Attorney-at-Law

YA GOTTA DO IT TO ACCRUE IT – PART DEUX

In Uncategorized on 07/23/2014 at 16:40

Old-time followers of this my blog might just possibly recall the story of VECO Corporation and Subsidiaries, as more fully set forth in my blog post entitled “Ya Gotta Do it To Accrue It”, 11/20/13.

Well, it’s the same story for Giant Eagle, Inc., 2014 T. C. Memo. 146, filed 7/23/14, with Judge Haines taking up where Judge Marvel left off.

No, this isn’t about prohibited bird parts in Rauschenberg collages, as in my blogpost “The Eagle Sleeps Tonight – Part Deux”, 5/21/13. This is about a grocery and gas chain that gave frequent eater points to its customers, that allowed them, if they ate enough, to gas up (their vehicles) at reduced rates.

The Eagle gang wanted to accrue the expense of the earned eater points as earned, because their customers could redeem them. They argued the Section 461 accrual test, and the Reg.
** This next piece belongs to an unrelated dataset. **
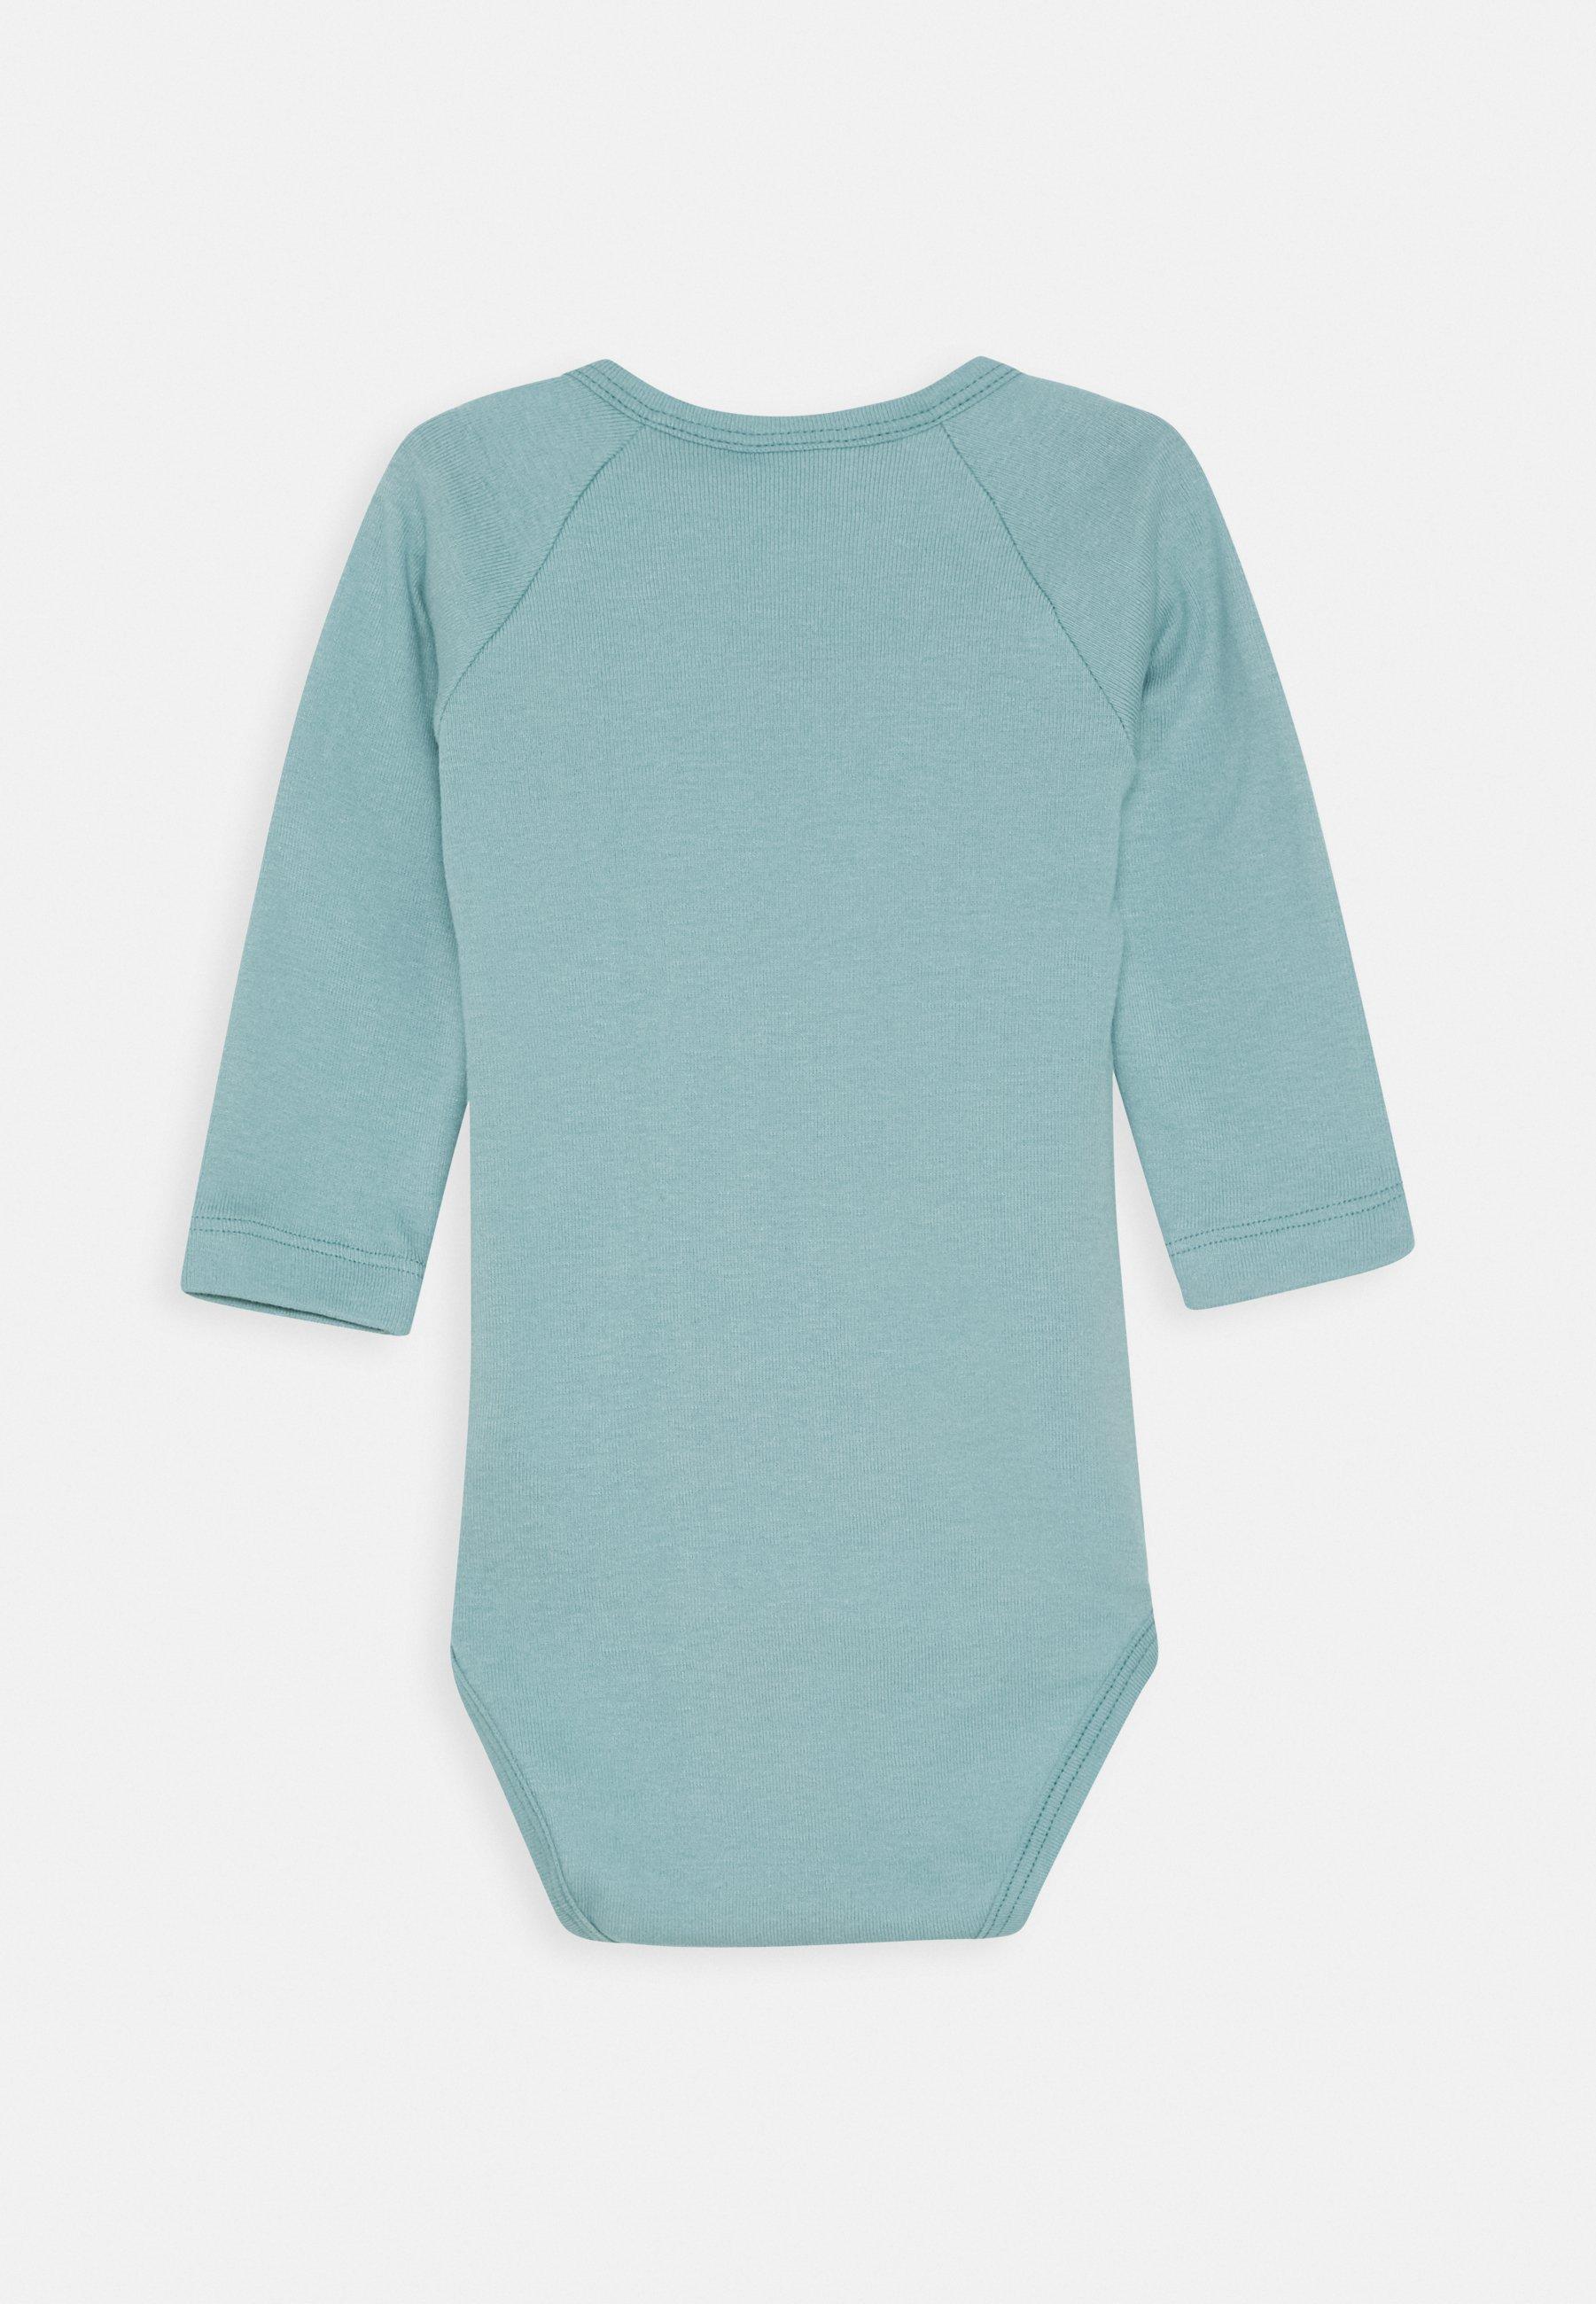 Sanetta Wrapover Longsleeve Multipack Baby 2 Pack - Body Blue Ice

Sec. 1.451-4 future redemption cost offset to current revenue.

IRS concedes one prong of the three-prong accrual test; that the amounts earned can be computed with reasonable accuracy, but “all events” necessary to fix liability hadn’t happened in the year that the expense is accrued.

Before the frequent eater points could be redeemed, the frequent eater had to gas up at the Eagle gang’s pumps. Even with enough points, a frequent eater might not be a frequent gasser, and the points could expire 90 days after being earned.

And for that reason the Reg. Sec. 1.451-4 gambit fails. The frequent eater has to do more than just turn in the points to get the “merchandise, cash, or other property” which are the hooks to get the taxpayer anchored within Reg. Sec. 1.451-4(a)(1) safe harbor. The frequent eater has to buy the gas, or the frequent eater gets nothing.

“Allowing a present deduction with respect to redemptions conditioned on an additional purchase can result in a mismatching of expenses and revenues, contrary to the regulation’s primary purpose.” 2014 T. C. Memo. 146, at p. 12.

And even though a sufficiently gluttonous frequent eater could accumulate enough points to get a tank of gas for nothing, that still depends upon the price of gas at the time the frequent eater becomes a frequent gasser. So the benefit is not fixed until the additional purchase (even for zero) is made.